Riefenstahl helped to plan Hitler’s big party congress in 1934, where she recorded the Triumph of the Will of the mass assembly that paid tribute to the ‘leader’. From Hitler, she had unlimited access to resources and money for this film. This historical event served as the setting for a film that would then appear as an ‘authentic’ documentary. The party congress is «hailed as a saving high point in German history», as Sontag writes. The goal was simply a seductive propaganda to later make way for the use of military force to create the Third Reich. As is well known, Mussolini also had expansion plans…
The immigrants
What about Giorgia Meloni here in Italy: What neo-fascist traits can be found among the trio of Meloni, Berlusconi, and Salvini today? As is well known, Meloni’s slogan is «God, the family, the fatherland» – like Mussolini’s. Her progressive party Fratelli d’Italia was established in 2012 – the name is taken from Italy’s national anthem. A song that sings about waking up, collecting the country – Italy is calling, be ready to die! Meloni also calls for more (‘italian’) births, as Mussolini did. But this does not apply to migrants today – let me also mention that Berlusconi previously suggested almost to ‘cleanse’ the country of immigrants.

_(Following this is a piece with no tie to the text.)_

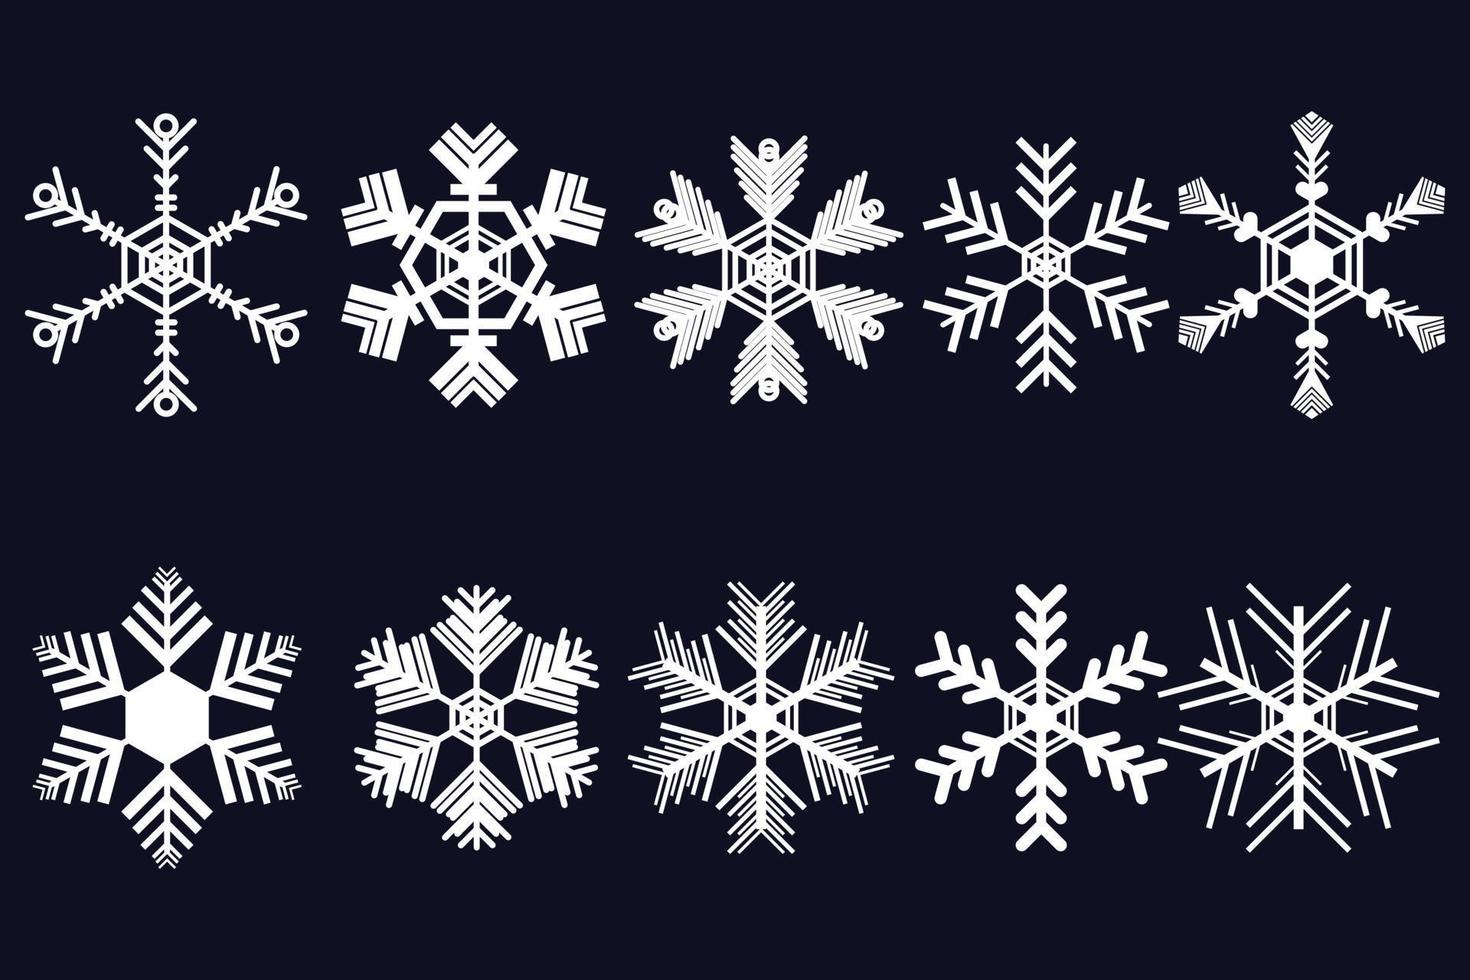 witte sneeuwvlok vector geïsoleerd op zwarte achtergrond, illustratie voor kerstkaart decoratie, winter concept

Now Meloni has sued the famous journalist Roberto Saviano for defamation as he appeared on TV and explained the inhumane refugee policy of Meloni and Salvini against NGOs and ships trying to help refugees. His rage was caused by the little 6-year-old Joseph who died as doctors didn’t come for help. The ongoing trial could send Saviano to prison for up to three years.

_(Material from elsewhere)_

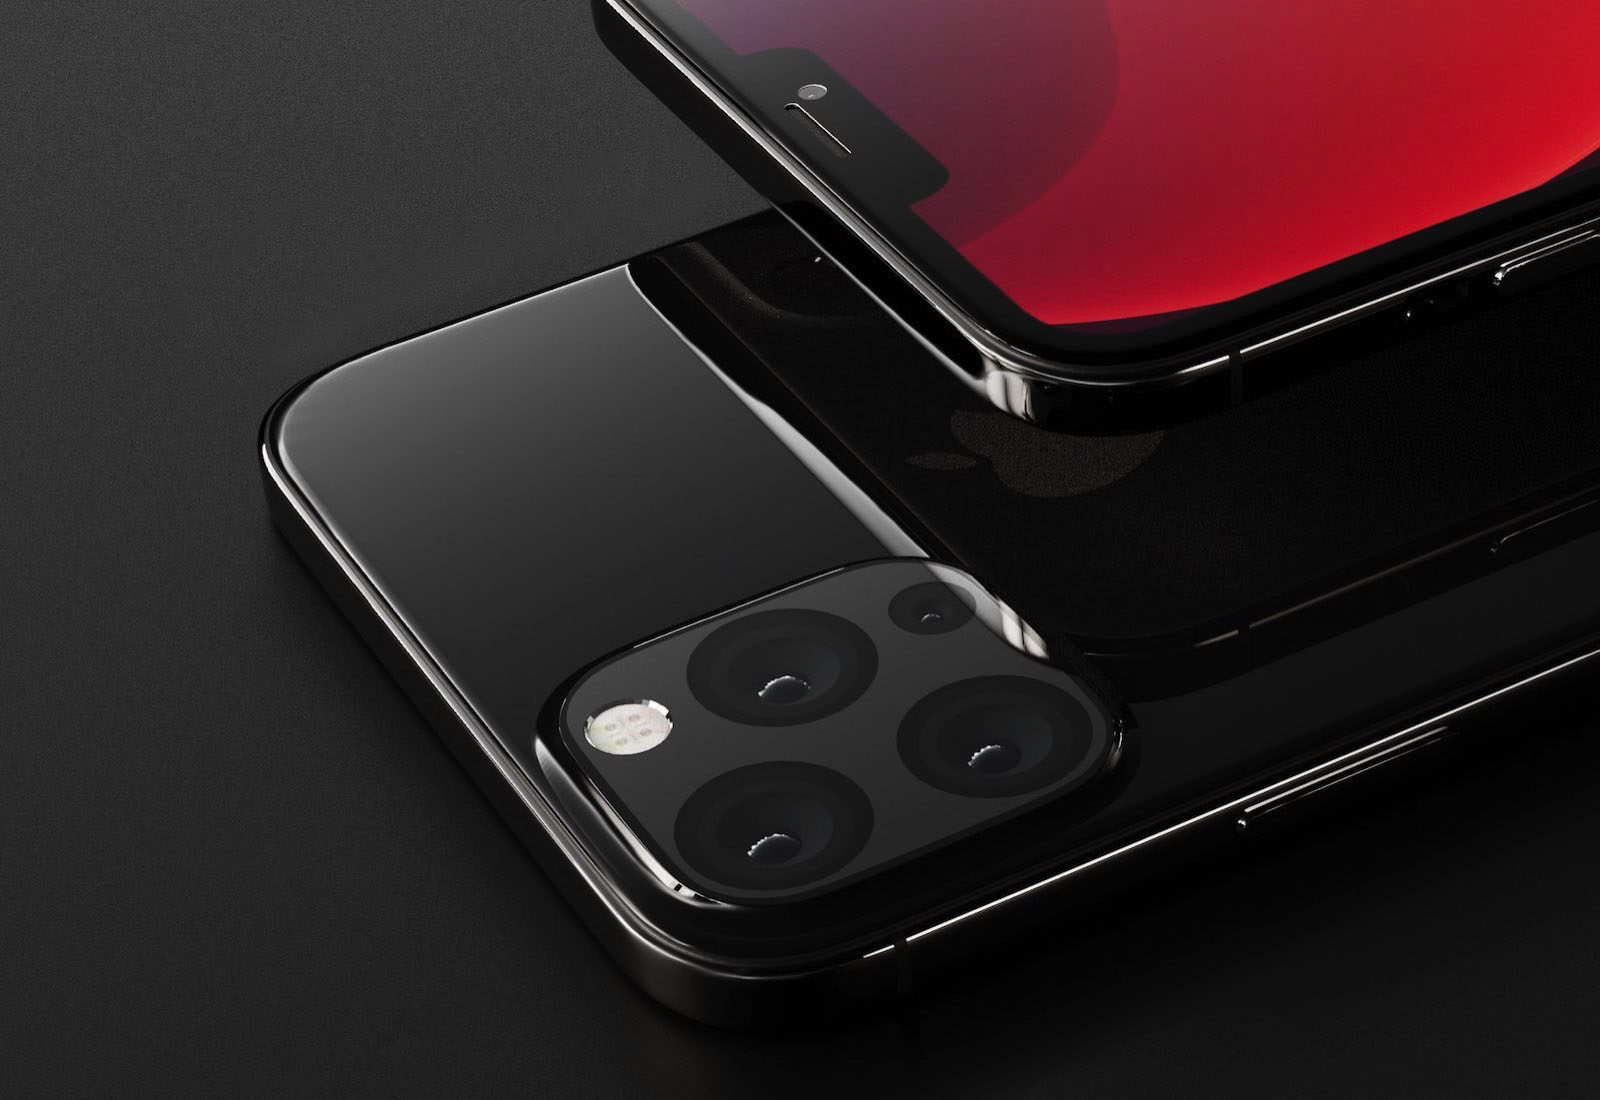 iphone-2020-concept-ben-geskin-2

Mussolini openly declared that his regime was totalitarian – will the new leading trio in Italy be able to say that they have no such traits?
Let me remind you of the slogan. God: Meloni is not alone in pointing to the sky when oppressing others. The family: People allow themselves to be somewhat selfishly seduced where they fear that the strangers will take their jobs. And the fatherland: With globalisation’s constantly shifting identities, many seek security in the ‘fixed’ values of tradition – with a desire for a leader, ‘Il Duce’ or ‘Fuhrer’.
According to the writer Timothy Snyder, such more or less fascist such leaders of the past or today can have the following outcome: one-party rule, leadership cult, media control, cult around the empire, conspiracy theories, war of annihilation and genocide.
Nationalism
Will this fascistic traits be back on the scene in Europe? Will more than the ‘former actor’ Zelensky throw ‘innocent’ Ukrainians into the fight for ‘freedom’ against the evil Russian? Where did all the sins that Ukraine bestowed, such as corruption, killings in Donbas, violence and human rights violations, go? A state that recently outlawed Russian as a language and a third of parliament’s pro-Russian parties — in a country where 17 percent are native speakers of Russian? Is this neo-fascist, or is it more and more a copy of today’s Russian totalitarianism – which we also despise?
While people fearfully allocate money for a huge weapon escalation where bombs replaces every form of communication, I will recall what Leo Tolstoy once wrote: «Wrong does not cease to be wrong because the majority share in it.»
The trio of Meloni, Salvini and Berlusconi in Rome will probably become another strong role model for nationalism, a one-dimensionality where the national ‘protecting’ walls are getting higher. Here at. Modern Times Review, we don’t share the attitudes of a ‘war winning game’ in the mass media or the majority at the moment. As Gandhi once wrote: «In matter of conscience, law of majority has no place.»